Primack, one of the originators and developers of the cold dark matter
theory, uses supercomputers to run simulations of galaxy formation and the
evolution of structure in the universe. The new paper used simulations of
galaxy mergers run last year by Thomas J. Cox, then a graduate student
working with Primack at UCSC and now a postdoctoral researcher at Harvard
University.
The simulations show that the observations reported in 2003 are a
predictable consequence of the violent galactic mergers that give rise to
elliptical galaxies, Primack said. The simulations were analyzed by Dekel,
Felix Stoehr, and Gary Mamon at the Institute of Astrophysics in Paris,
where Dekel holds a Blaise Pascal International Chair. UCSC graduate
student Greg Novak also contributed to the analysis.
Elliptical galaxies are thought to form when two spiral galaxies collide
and merge. Whereas spiral galaxies are dominated by flattened, rotating
disks of stars and gas, elliptical galaxies are round, smooth collections
of stars.
Evidence for dark matter halos around spiral galaxies comes from studying
the circular motions of stars in these galaxies. Because most of the
visible mass in a galaxy is concentrated in the central region, stars at
great distances from the center would be expected to move more slowly than
stars closer in. Instead, careful observations of spiral galaxies show
that the rotational speed of stars in the outskirts of the disk remains
constant as far out as astronomers can measure it.
The reason for this, according to cold dark matter theory, is the presence
of an enormous halo of unseen dark matter surrounding the galaxy and
exerting its gravitational influence on the stars. Additional support for
dark matter halos has come from a variety of other observations.
In elliptical galaxies, however, it has been difficult to study the
motions of stars at great distances from the center. The 2003 study (A. J.

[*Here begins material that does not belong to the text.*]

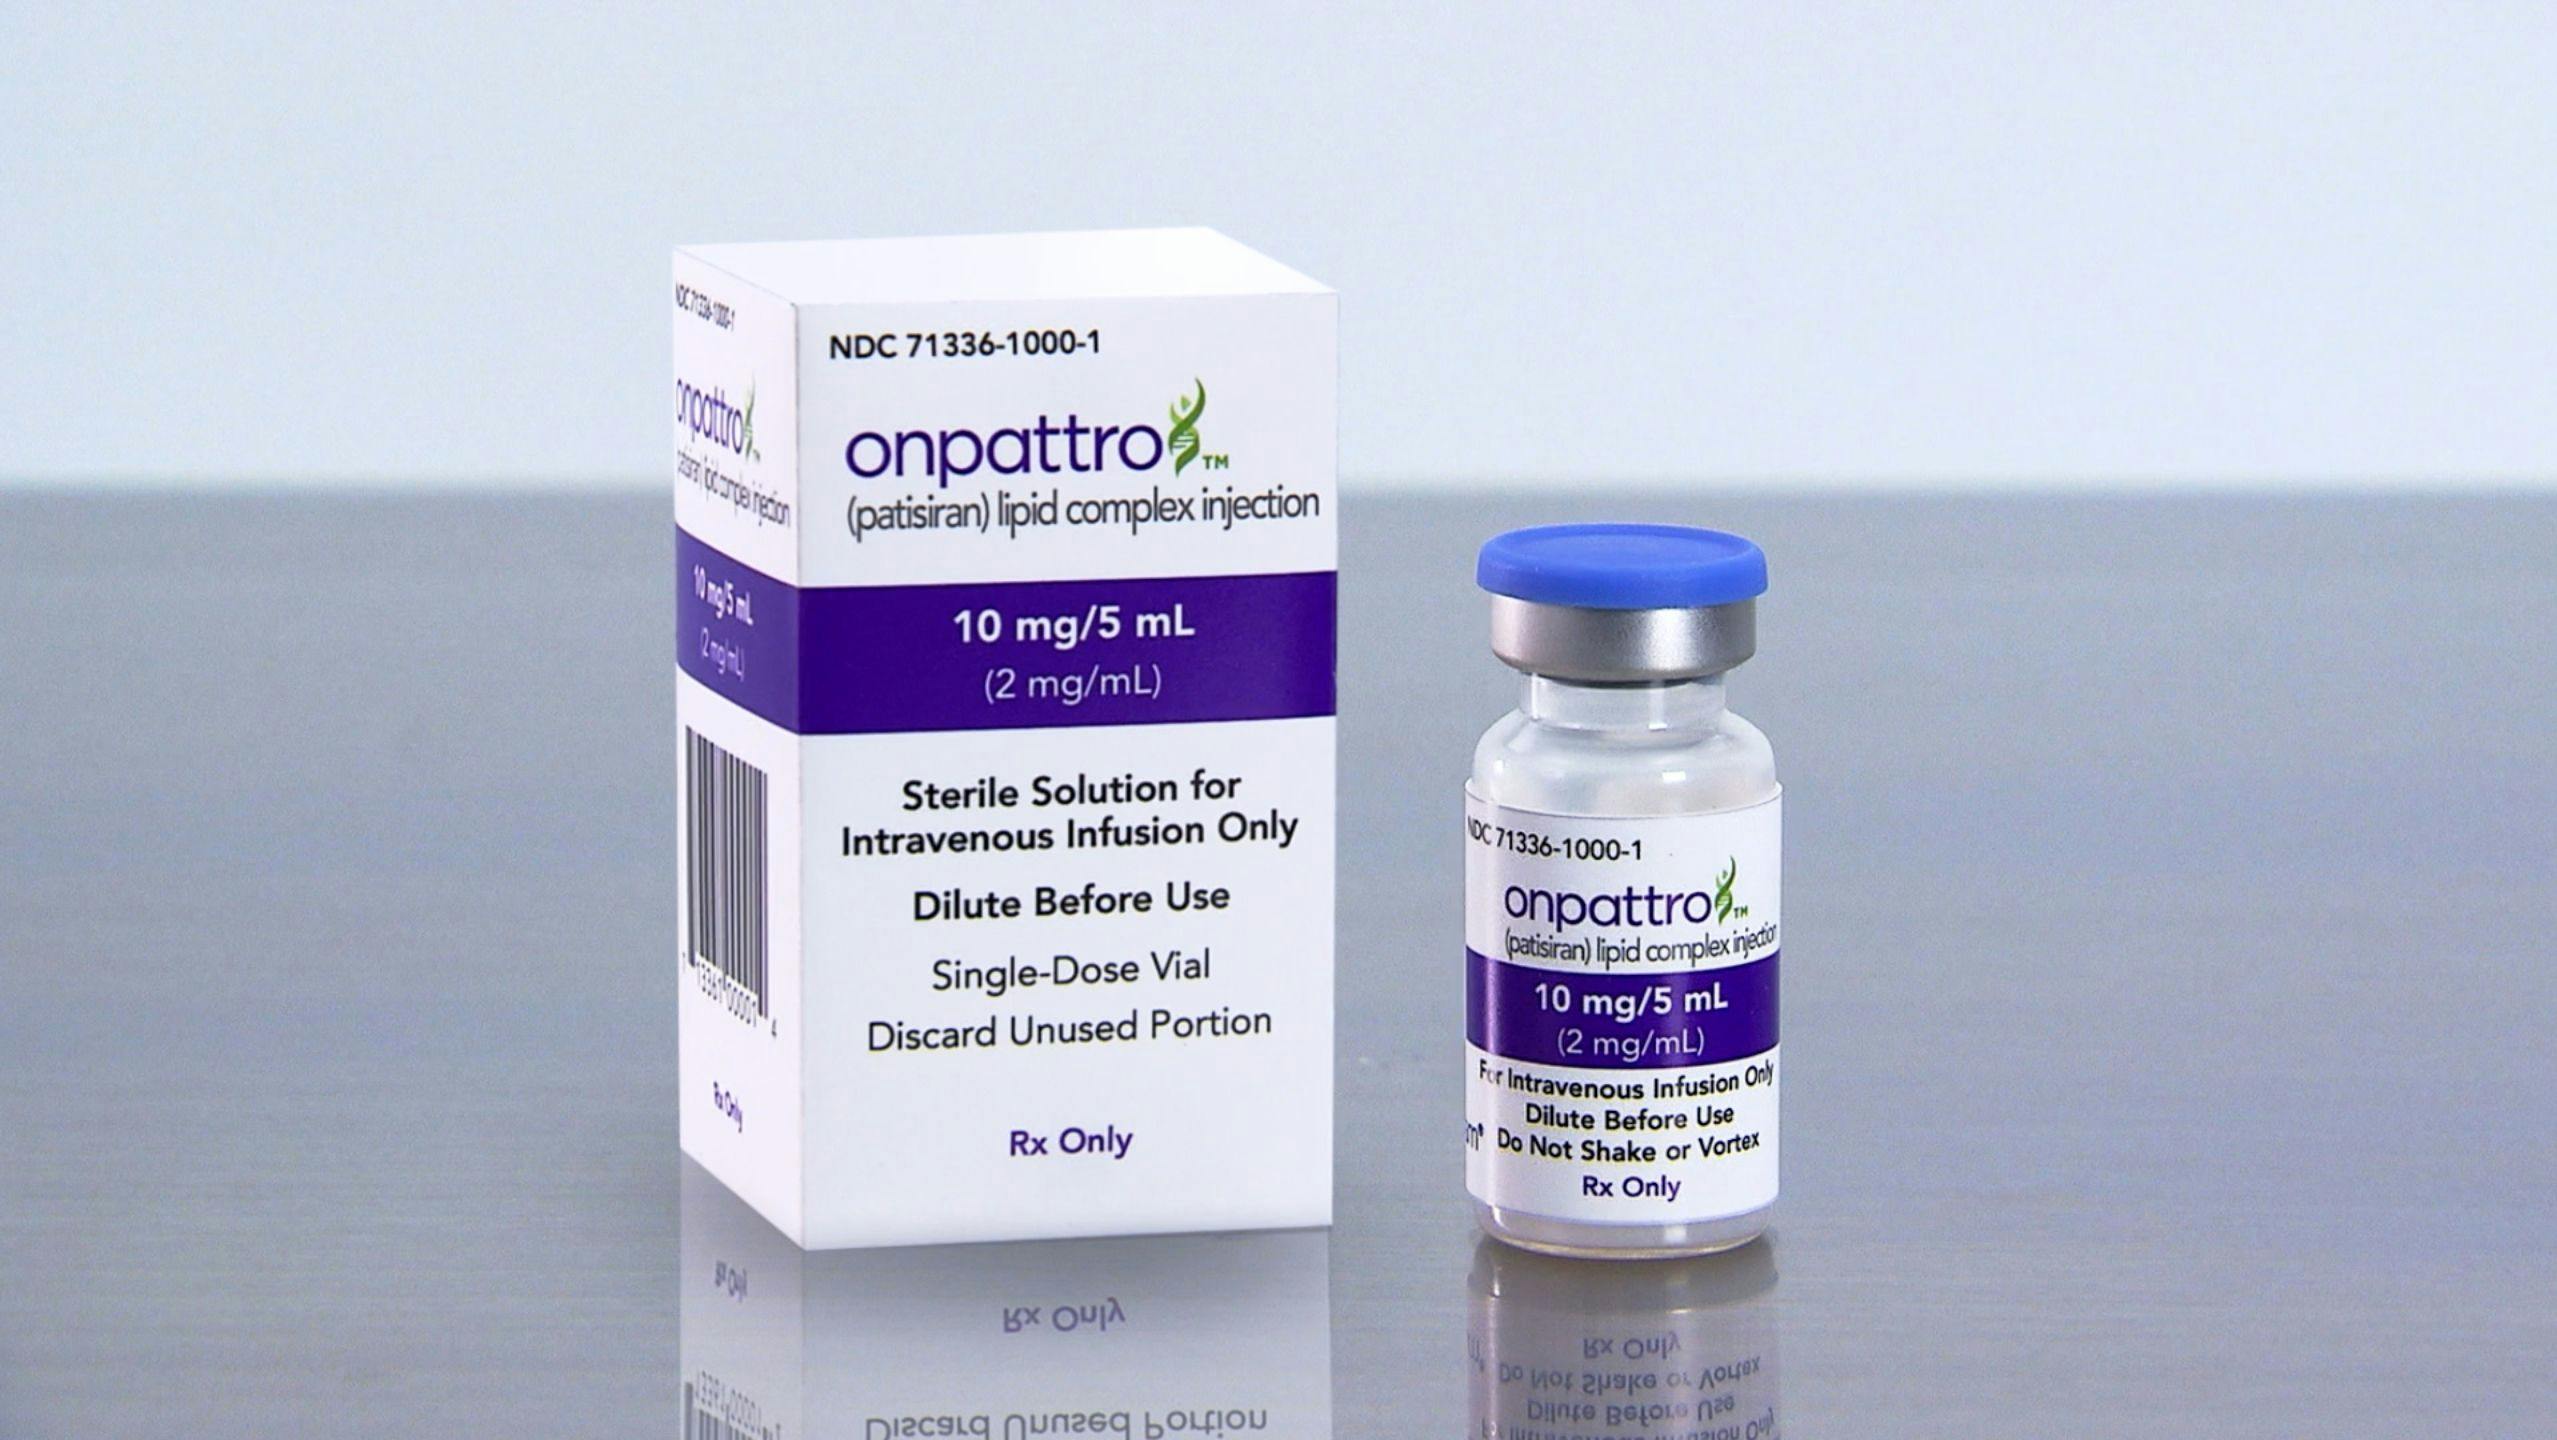 FDA Issues Complete Response Letter for Onpattro in Heart Failure Indication

Romanowsky et al., Science 301:1696-1698) focused on bright planetary
nebulas in the outer parts of four nearby elliptical galaxies. Planetary
nebulas are old stars that have blown off their outer layers and glow
brightly in characteristic wavelengths of light. The researchers were able
to determine the line-of-sight velocities of large numbers of planetary
nebulas in these elliptical galaxies. They found a decrease in the
velocities with increasing distance from the center of the galaxy, which
is inconsistent with simple models of the gravitational effects of dark
matter halos.
Part of the explanation put forth in the new Nature paper lies in the fact
that the velocities were measured along the line of sight. "You cannot
measure the absolute speeds of the stars, but you can measure their
relative speeds along the line of sight, because if a star is moving
toward us its light is shifted to shorter wavelengths, and if it is moving
away from us its light is shifted to longer wavelengths," Primack
explained.
This limitation would not be a problem if the orbits of the observed stars
were randomly oriented with respect to the line of sight, because any
differences resulting from the orientations of the orbits would average
out over a large number of observations. According to Cox's simulations,
however, the stars farthest from the center of the galaxy at any given
time are likely to be moving in elongated, eccentric orbits such that most
of their motion is perpendicular to the line of sight. Therefore, they
could be moving at high velocities without exhibiting much motion toward
or away from the observers.
To understand why, it is necessary to look at what happens to the stars
during galaxy mergers. As the merging galaxies interact, the stars
themselves do not collide because they are separated by great distances,
so the two galaxies essentially pass through one another. But the huge
gravitational fields of the galaxies cause powerful tidal disturbances.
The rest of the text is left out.